EXERCISE DETAILS:
In this exercise, write out the data word for word and leave every image out.

DATA:
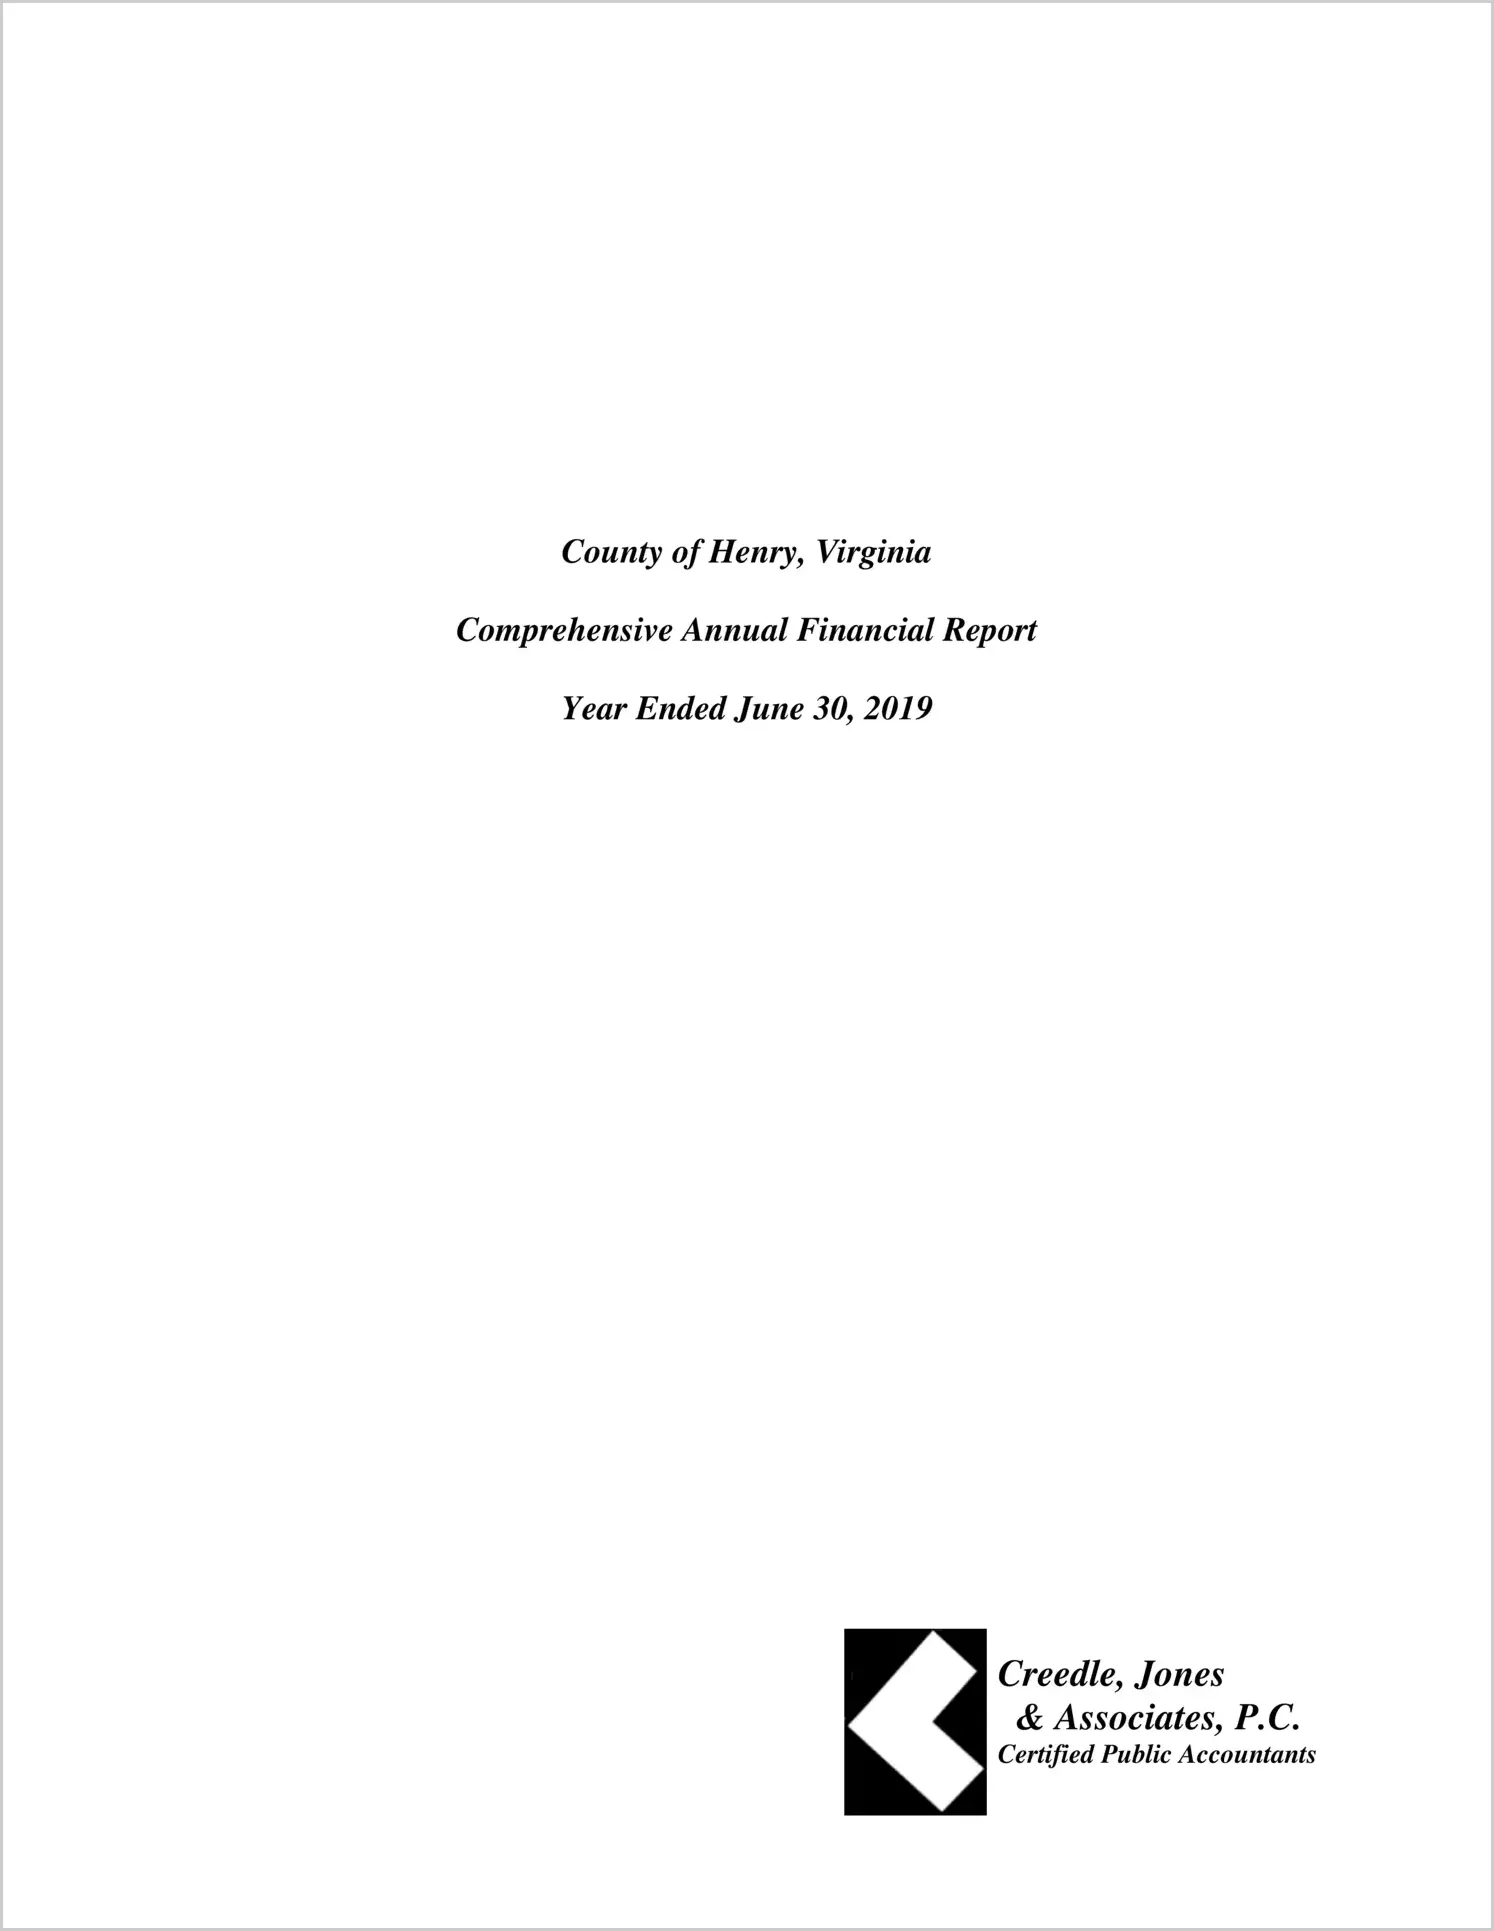 2019 Annual Financial Report for County of Henry
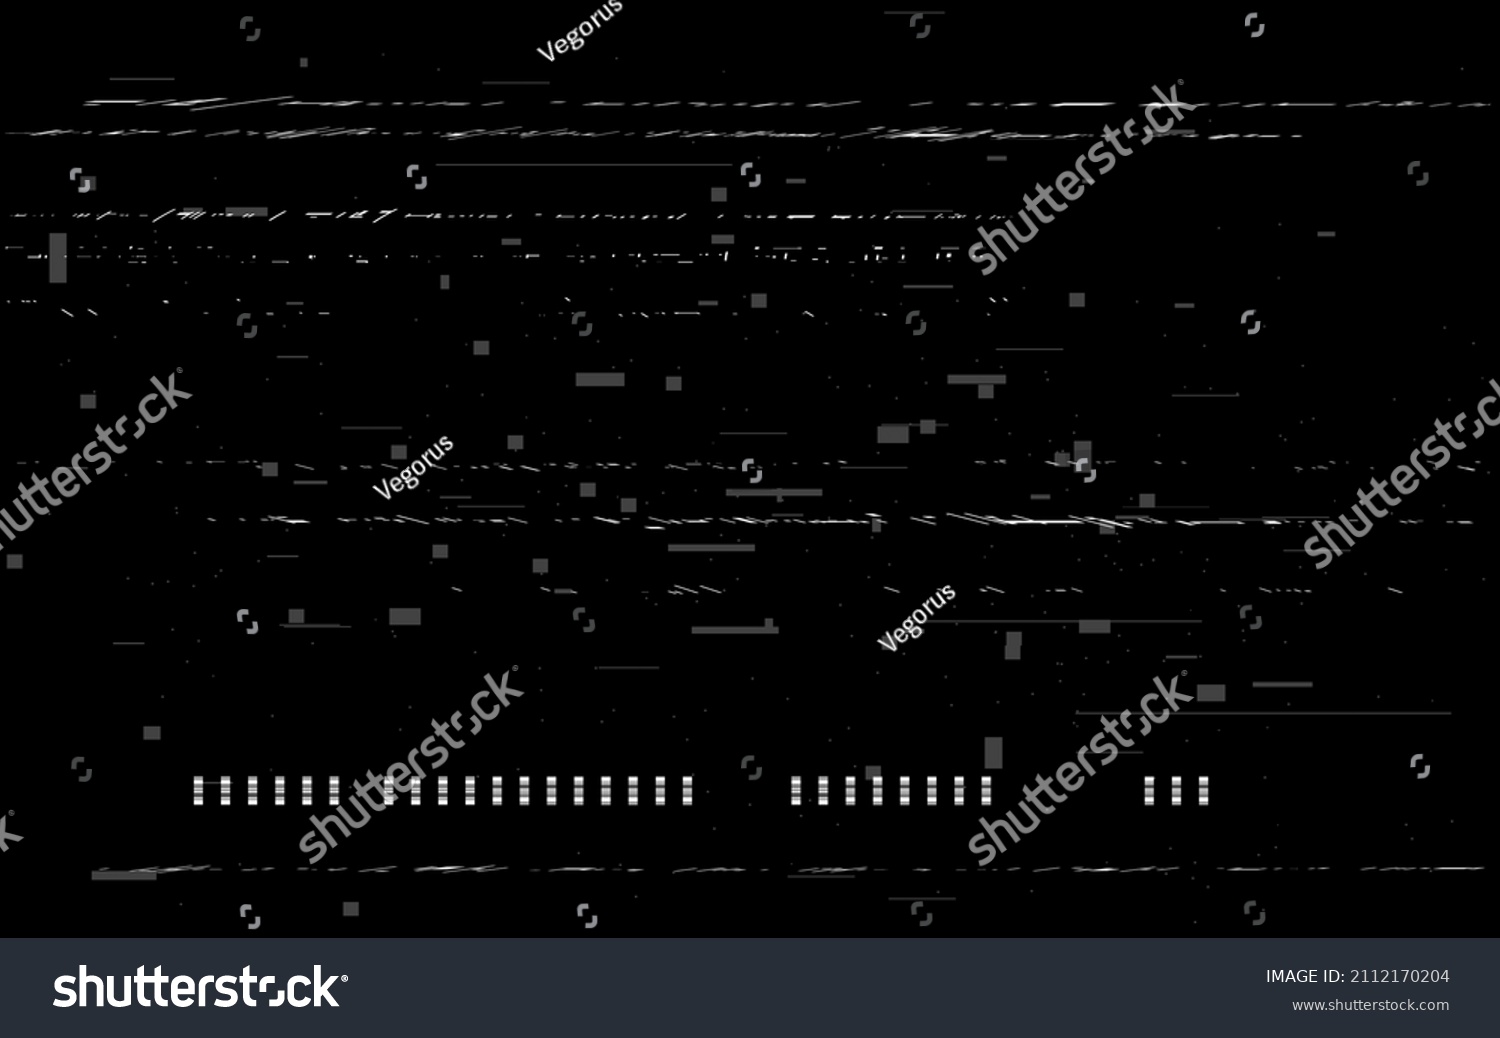 Glitch Retro Distortions Old Vhs Effect Stock Vector (Royalty Free ...
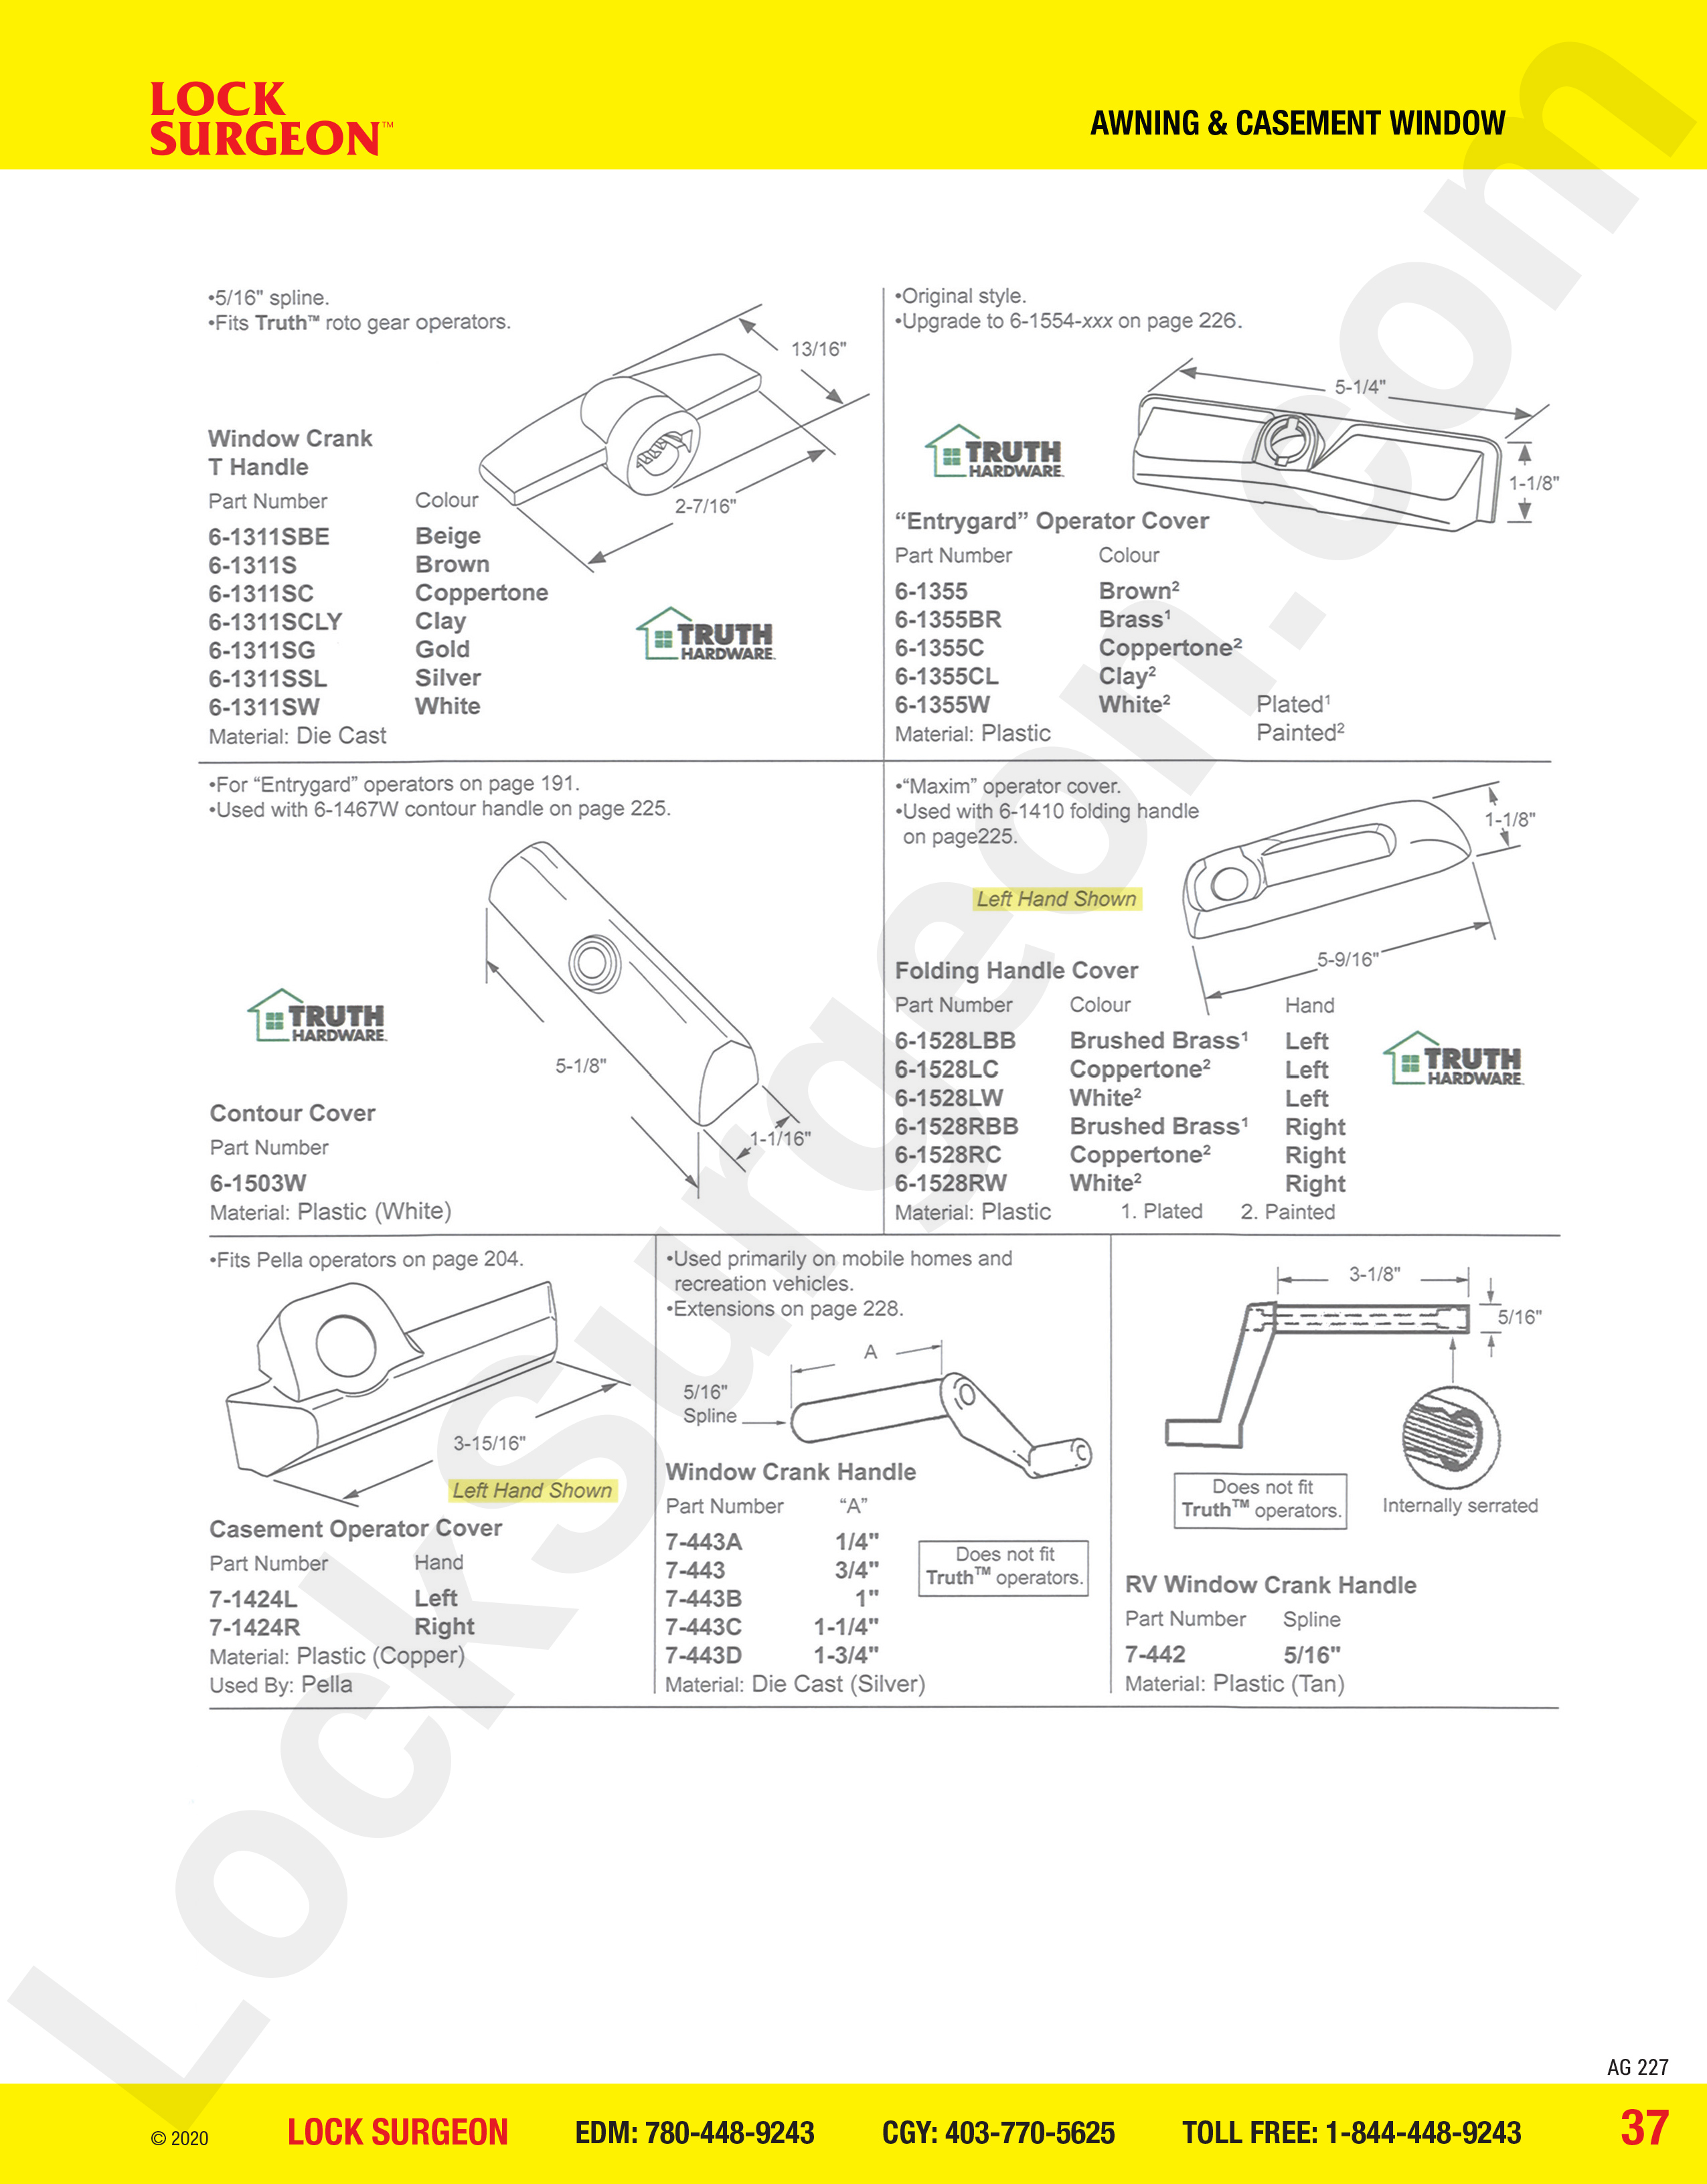 awning and casement window parts for covers and handles.

WRITTEN RESPONSE:
 2019 Annual Financial Report for County of Henry
 Glitch Retro Distortions Old Vhs Effect Stock Vector (Royalty Free ...
 awning and casement window parts for covers and handles.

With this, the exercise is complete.